Thanks, @NSoiffer, for your long elaboration. But I'd like to contradict in some important points.

Your "example of the better output" (JsFiddle) is nonsense. It renders as and that is wrong on many levels.

"SO" must be upright (otherwise it would be variables)
the "2–" must not be above the "4", according to the rules, e.g. IUPAC.
It looks semantically wrong, because it attaches "2–" to "O" in the XML structure

Just because JAWS has a bug and reads out phantom content (#22), is not a good reason to resort to sizes that are font-dependent and will lead to wrong renderings with different fonts.

I agree that the generated MathML looks a bit convoluted, like double mrows. Maybe we could improve a bit there. But please be aware that we have a mhchem→TeX→MathML chain, i.e. we do not go from mhchem syntax to MathML directly.

For assistive technologies, I would make the bold claim that using the mhchem syntax for Braille and read-out would be much better. It gets complicated when mhchem and real math are mixed, though, like in $m_{\ce{H2O}}$ or $\ce{Fe(CN)_{$\frac{6}{2}$}}$.

NSoiffer commented 2 years ago

I'm not sure how I ended up with that mmultiscripts example as it is wrong (as you point out). The proper one (using the mathvariant attr I said in the text should be used) is:

<math>
    <mi mathvariant="normal">S</mi>
    <mmultiscripts>
        <mi mathvariant="normal">O</mi>
        <mn>4</mn>
        <none/>
        <none/>
        <mrow>
            <mn>2</mn>
            <mo>&#x2212;</mo>
        </mrow>
    </mmultiscripts>
</math>

This also pushes the 2- out as it should have been. See the codepen rendering.

For assistive technologies, I would make the bold claim that using the mhchem syntax for Braille and read-out would be much better.

I'm a little dubious about that. It can certainly be done, but MathML has more structure which simplifies things and one doesn't have to have a full TeX interpreter to deal with all the hacks people do in TeX. What TeX has are macro names which can give semantic information for speech (e.g., binom). MathML 4 is adding an intent attr which some more semantic TeX implementations such as PreTeXt has said they will experiment with generating.

mhchem commented 2 years ago

Thanks. That looks much better. I would even claim that semantical grouping should be

<math>
    <mmultiscripts>
        <mrow>
            <mi mathvariant="normal">S</mi>
            <mmultiscripts>
                <mi mathvariant="normal">O</mi>
                <mn>4</mn>
                <none/>
            </mmultiscripts>
        </mrow>
        <none/>
        <mrow>
            <mn>2</mn>
            <mo>&#x2212;</mo>
        </mrow>
    </mmultiscripts>
</math>

but that would require semantic knowledge that the mhchem syntax does not contain. (JsFiddle)

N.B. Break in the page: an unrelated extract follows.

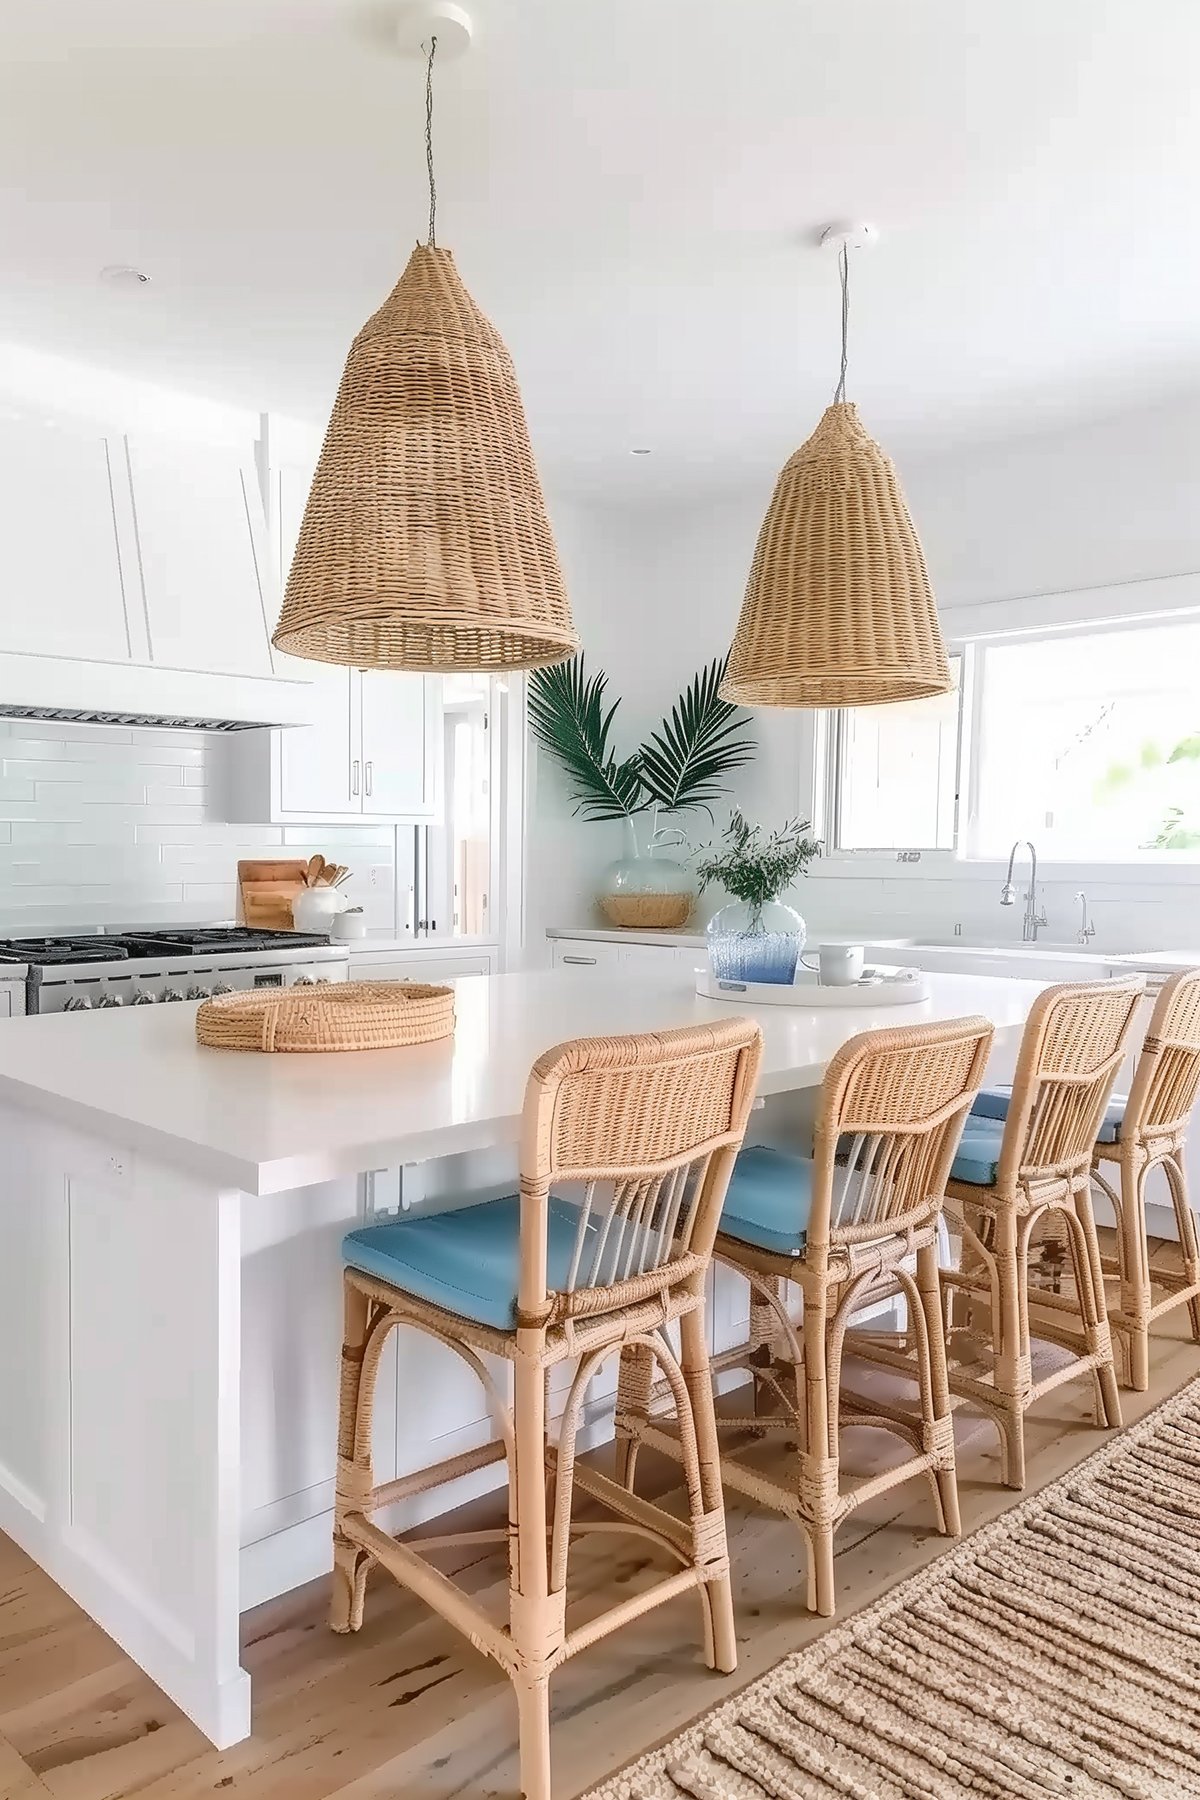 coastal-style kitchen with rattan barstools and pendant lights.

The typographic subtleties, that the phantom solves, are not done here. I want to have all subscripts and superscripts on the same height. Not even with A and O, the superscripts are the same height. (JsFiddle)

For assistive technologies, I would make the bold claim that using the mhchem syntax for Braille and read-out would be much better.

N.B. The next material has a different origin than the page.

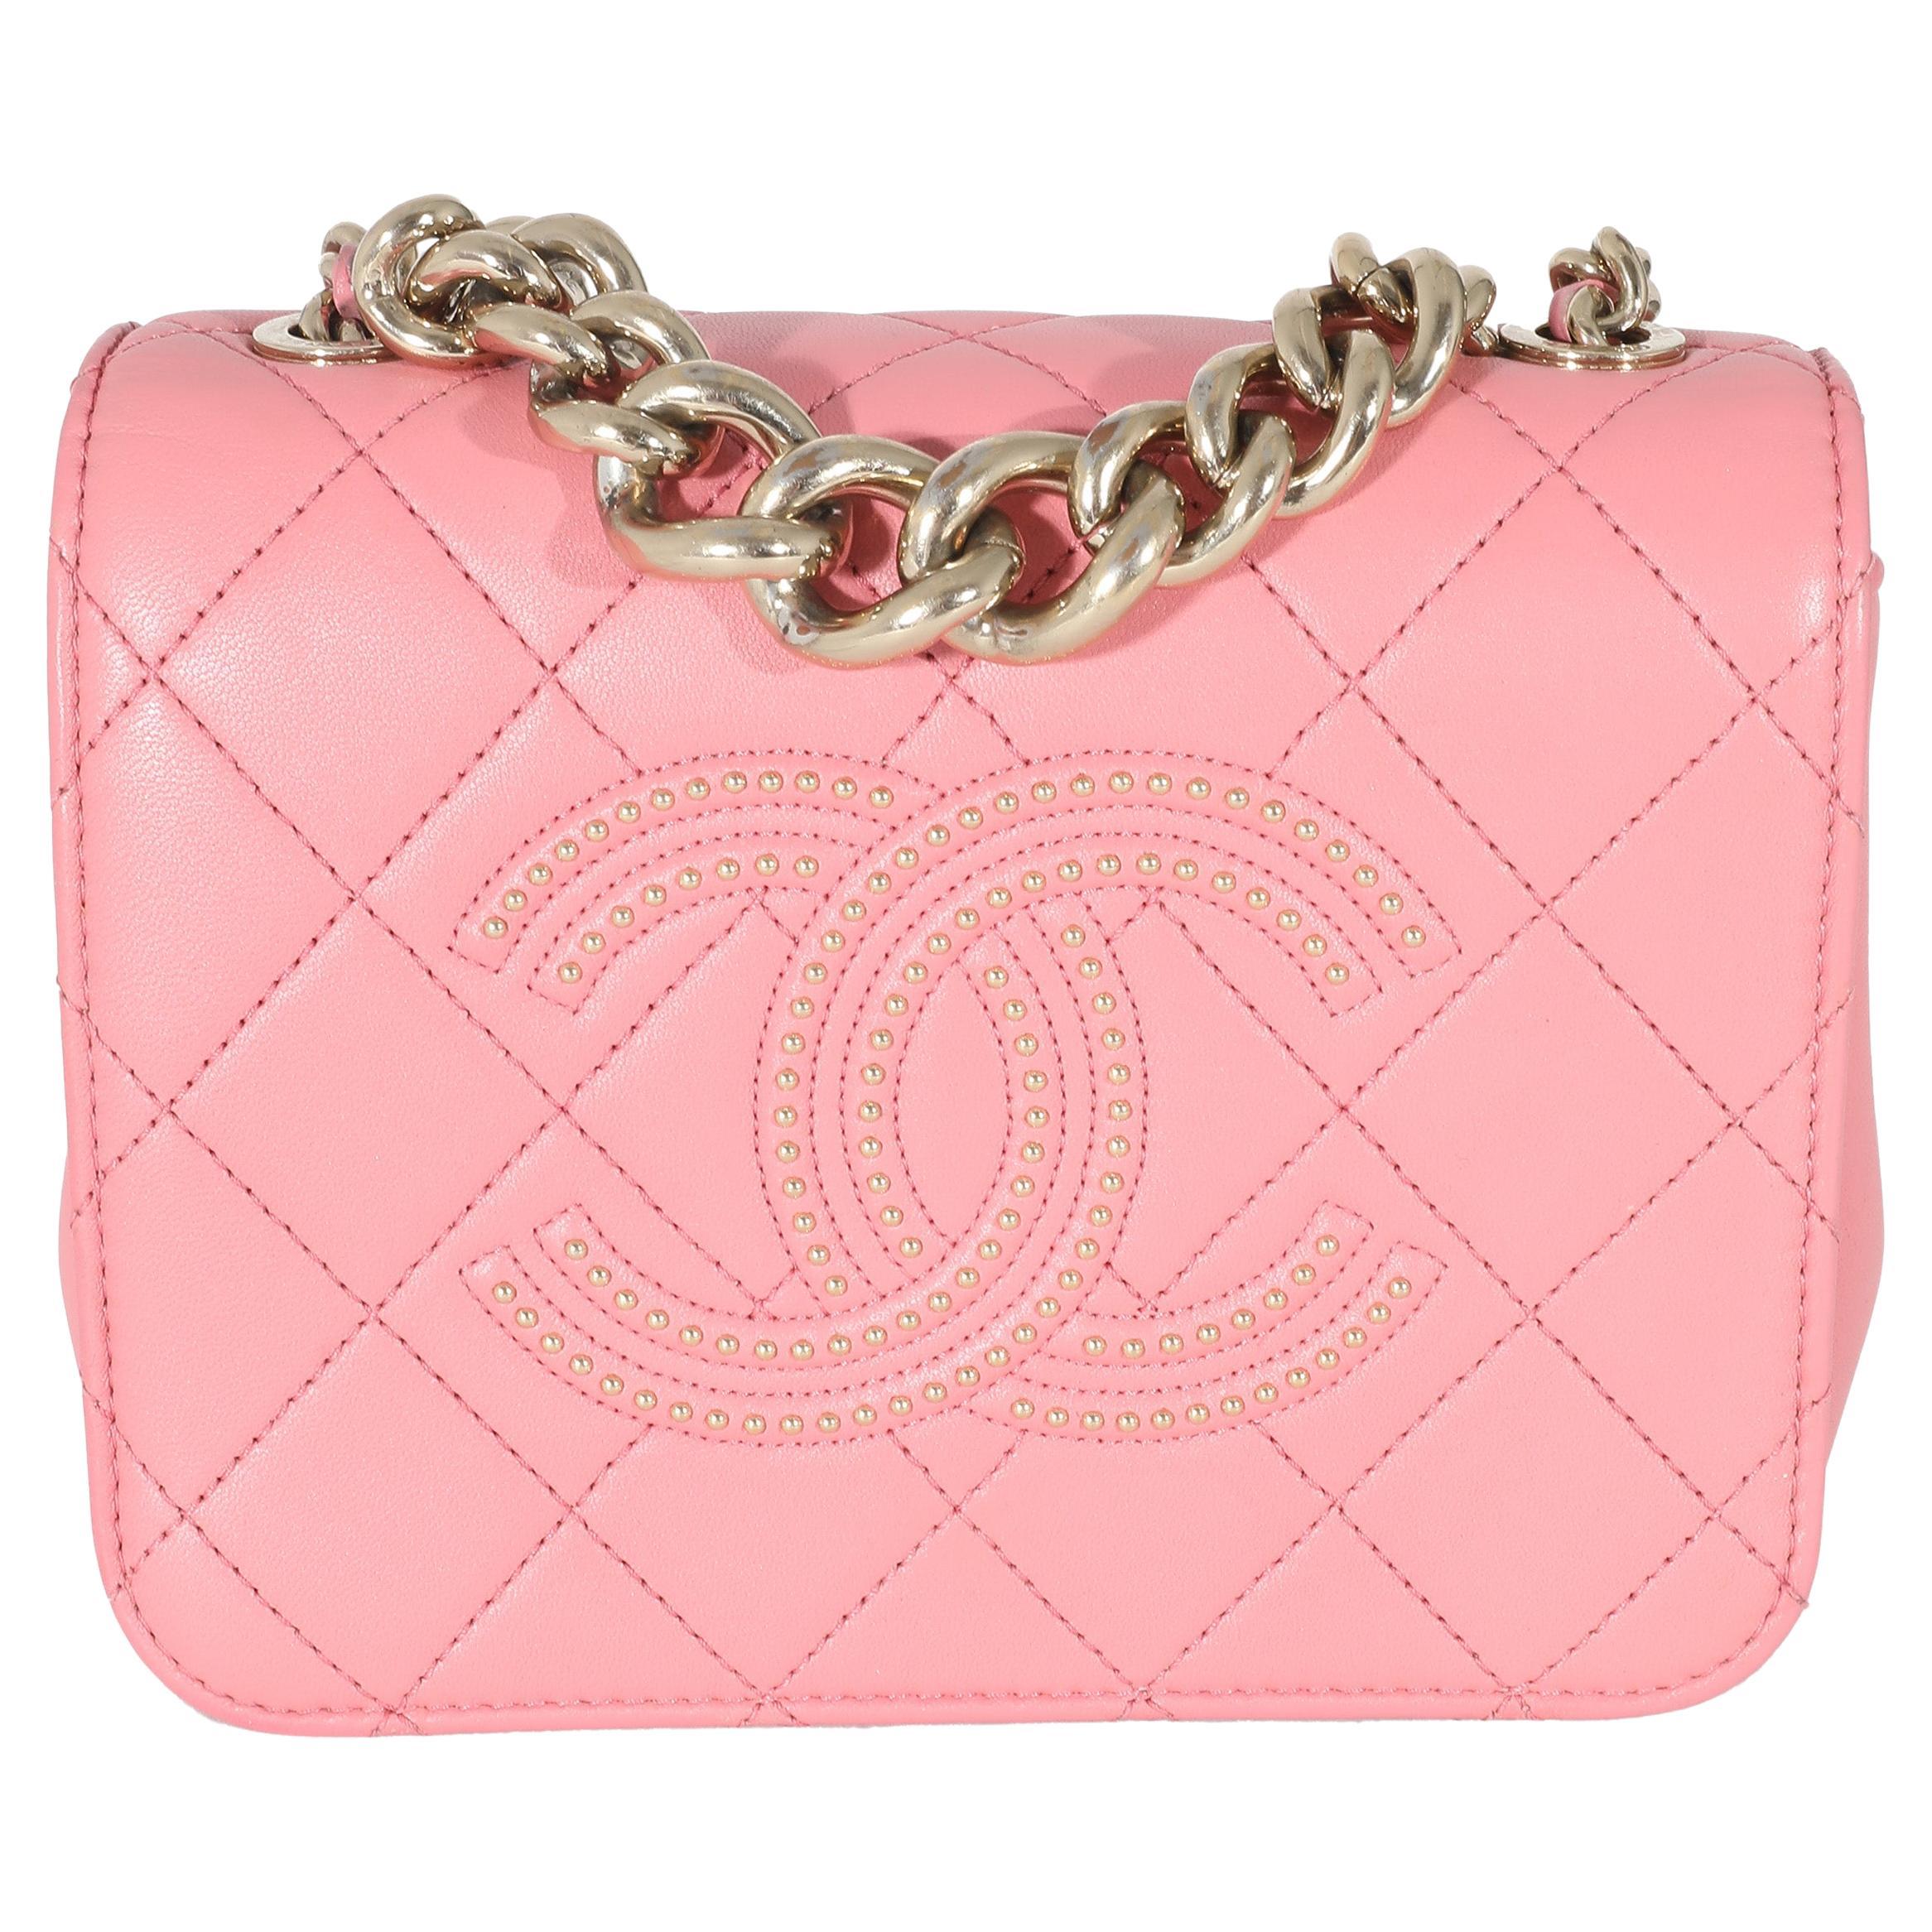 Chanel Pink Quilted Calfskin Beauty Begins Flap Bag For Sale

I'm a little dubious about that.

My counter argument: There is a reason that chemistry books in Braille use a different (shorter) notation for chemistry than they do for generic math.

mhchem commented 2 years ago

Okay, back to the question if we can simplify the MathML output, e.g. remove the double rmow. An improved rendering would require a change in how MathJax works. We would need to change the mhchem→TeX math→MathML chain into something that skips TeX math. Or maybe change the TeX math interface, so that it includes a special \multiscripts{base}{left-sub}{left-sup}{right-sup-presub}{right-sub}{right-sup-stacked}{right-sup-postsub} that has a simpler MathML output. I don't know how easily this would be possible. Including @dpvc.

dpvc commented 2 years ago

First, about the extra mrow elements: MathJax's internal representation keeps information about the original TeX input that is needed in order to get the spacing right (among other things), and when MathJax produces MathML output, it includes nodes and classes that carry that information. That way, if MathJax's MathML output is used as input to its MathML input jax, it can reproduce the internal format that would have come from the original TeX input. The <mrow data-mjx-texclass="ORD"> and similar mrow elements are used for that purpose, so are not redundant from that standpoint. If these are removed, that could lead to incorrect layout, since the needed information will be missing. It is true that some of them could be removed without problems, so MathJax could prune some of these when it generates MathML output; mhchem should not have to worry about such things.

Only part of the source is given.